What is the shortest route from T2 transit corridor to the Adani lounge (exact level + nearest gate/landmark reference)?

The shortest route depends on which Adani lounge variant you mean, because “Adani Lounge” exists in multiple zones split by level and wing. The fastest common target from the international departures transit side is Adani Lounge East on Level 4 near Gates 45/46.

From the international departures concourse, stay airside and follow lounge signage toward the East wing, keeping Gates 45/46 as your gate-number anchor. The Adani Lounge East entry sits on Level 4 with the nearest easy landmark being McDonald’s beside the lounge area. If you are in the domestic departures zone instead, the closest Adani option is the domestic lounge on Level 3 near Gate 44, and trying to “go up to Level 4” from the domestic side can run you into zone barriers and checkpoints.

For late-night arrivals, where is the best-lit, clearly signed path from T2 Arrivals to the correct terminal-transfer option (coach stand vs pickup bay) to avoid dead ends?

Staying inside Terminal 2 and descending to Level 1 (P4 Ground Transportation) is the best-lit, most consistently signed late-night path to terminal transfer options. The late-night dead end is exiting to the Level 2 Arrivals curb and then getting stranded on dark vehicle ramps without a clean re-entry path.

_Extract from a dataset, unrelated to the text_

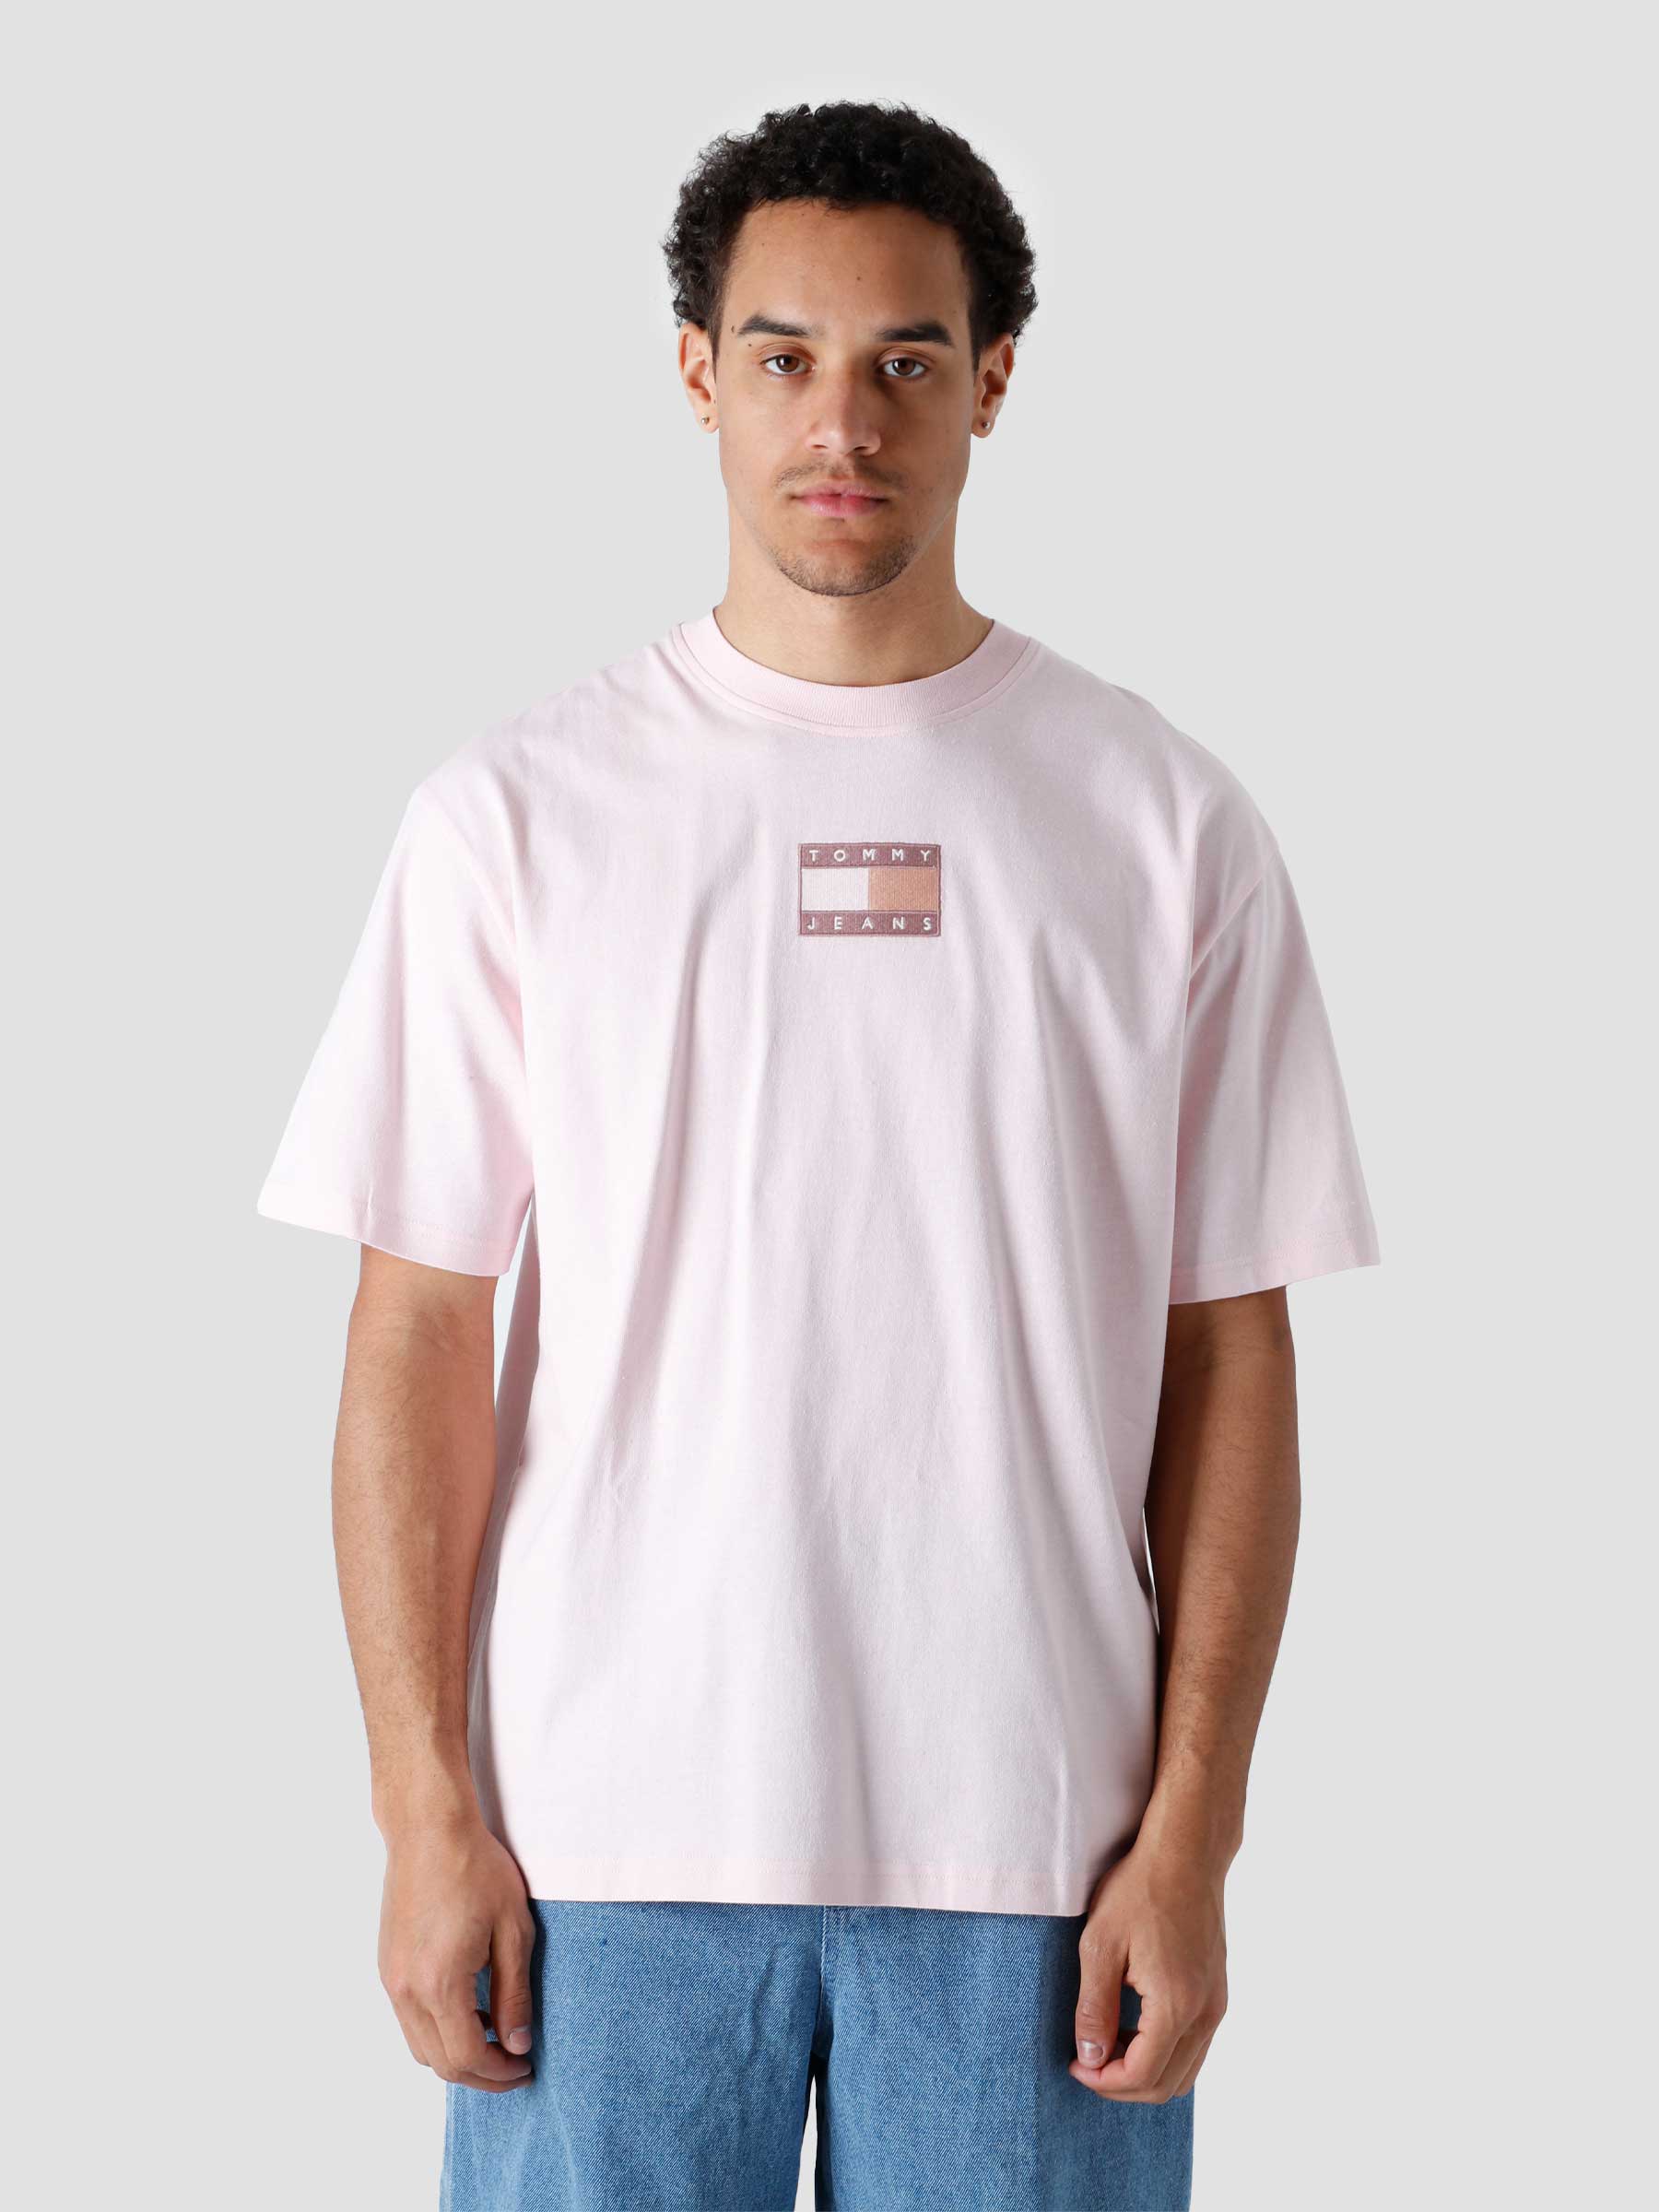 Freshcotton Graphic TJM Pink Broadway - Jeans Best T-Shirt Tommy

From the Level 2 Arrivals Hall, use the main exit door banks as your anchor, but stop at the signage cluster before the doors and follow “P4” and “Inter-Terminal Coach” arrows to the central escalators/elevators. Descend to Level 1 and keep the “P4” identifier in view until you reach the inter-terminal coach counter/queue (for Terminal 1 transfers) or the prepaid taxi and ride-hail bay markers (for pickup). P4 stays staffed and well-lit 24/7, which is why the map-safe rule is “Level 1 first, curb later.”